Don't Look Back
by Lynx Eyes
Summary: The now homeless team makes a late night run to Walmart. Tag for Nothing Personal. Inspired by a tumblr post.


This fic was inspired by this tumblr post: post/84379864820/but-like-what-happened-after-the-pool-scene

Tag for Nothing Personal. The now-homeless team needs to make a supply run to Walmart.

I haven't written much in years except for a drabble recently, and I'm very rusty and insecure about my writing. I am particularly unhappy with this one and didn't want to post it but I didn't want to just ditch it either after having spent time on it. So this will go down as sloppy writing practice.

I know some of you put me on author alert after my drabble and I cant tell you what that means to me, as well as the few too-kind comments I received. Seriously you guys are the reason I thought I would try to get back into writing. Thank you very much.

* * *

It was Fitz accidently wondering aloud if the giant potted plant behind them was edible, accompanied by his rumbling tummy, that the team finally admitted they needed to make a late-night run to the local Walmart. They had been putting it off as they were bone-tired, but they all knew it would be useless trying to sleep when Fitz was hungry.
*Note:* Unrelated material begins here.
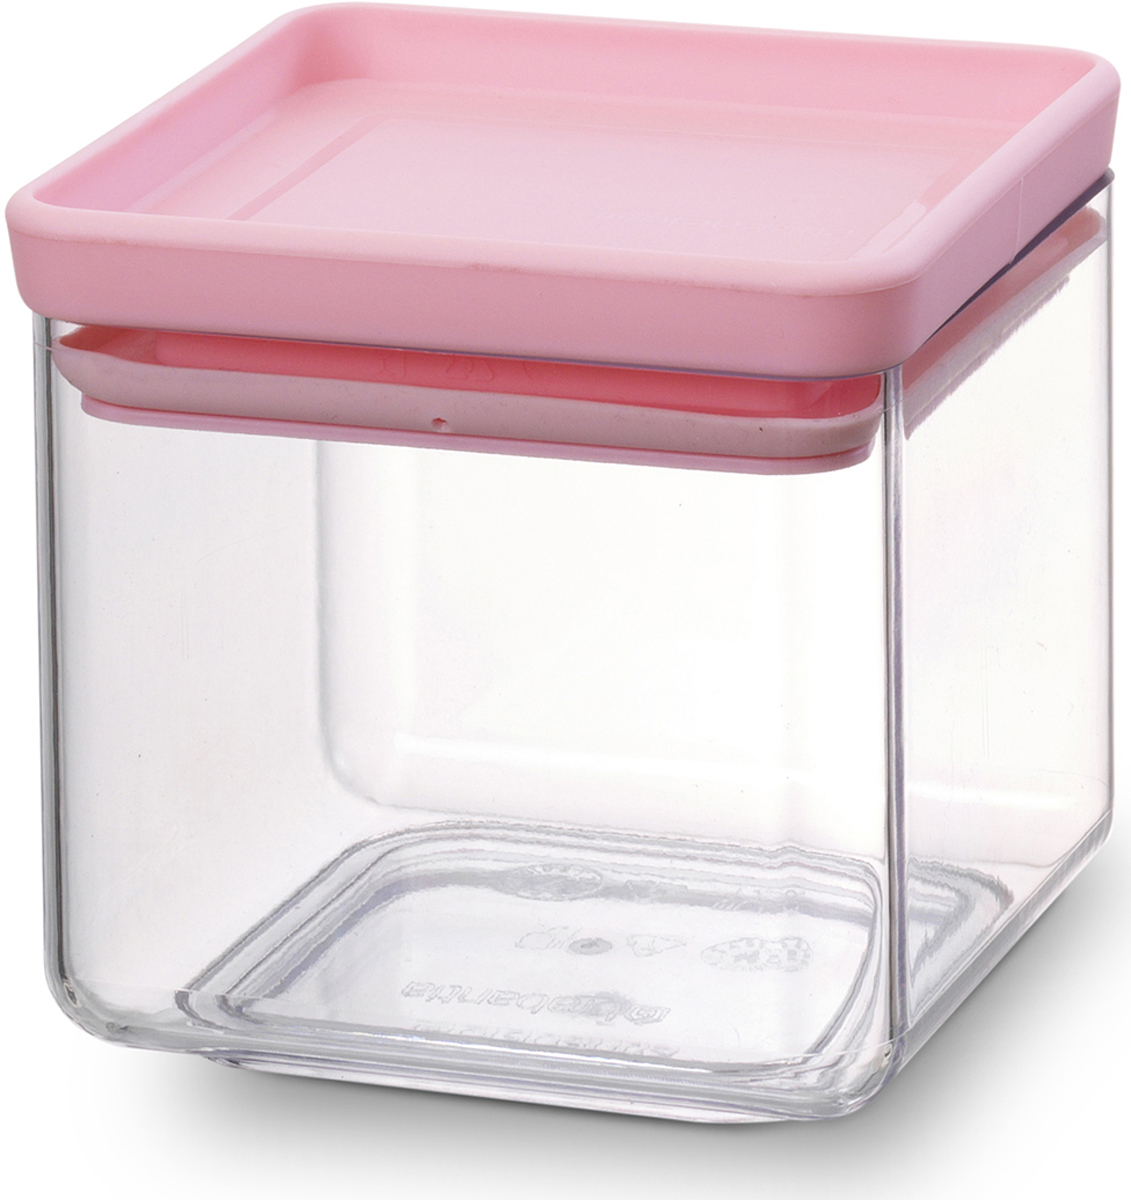 Контейнер для сыпучих продуктов Brabantia Tasty Colors, цвет: прозрачный, розовый, 700 мл. 290060290060_розовыйКонтейнер для сыпучих продуктов Brabantia Tasty Colors изготовлен из высококачественного пластика и предназначен для хранения сыпучих продуктов. Изделие имеет крышку с силиконовым уплотнителем, благодаря которому продукты надолго сохраняют свежесть и аромат. Преимущества: Хорошо видно содержимое и его количество Можно мыть в посудомоечной машине Прозрачный материал, благодаря которому видно содержимое контейнера.Занимает мало места - контейнеры имеют прямоугольную форму и составляются один на другой. Размеры: 11 х 10,5 х 11 см.

Lola was the only transportation they had but she only seated two, and she also had a bunch of bullet "wounds", as Coulson insisted on referring to them, and since taking a bus was generally a bad move for wanted fugitives, they were forced to walk.

* * *

It was thankfully a nice night, the walk mostly quiet as they were too exhausted for any conversation of substance, although occasionally the steady beat of their feet on the side walk was interrupted by Trip pulling yet another tiny vending-machine chip bag from somewhere on his person and Fitz asking him to please, please share. Their two appetites rivaled each other, which was amusing considering the huge difference in size and activity level.

Skye was 99.9% sure that the only reason Trip kept eating the chips was so he could have the fun of playing keep-away with Fitz. She could practically hear Simmons rolling her eyes at their antics.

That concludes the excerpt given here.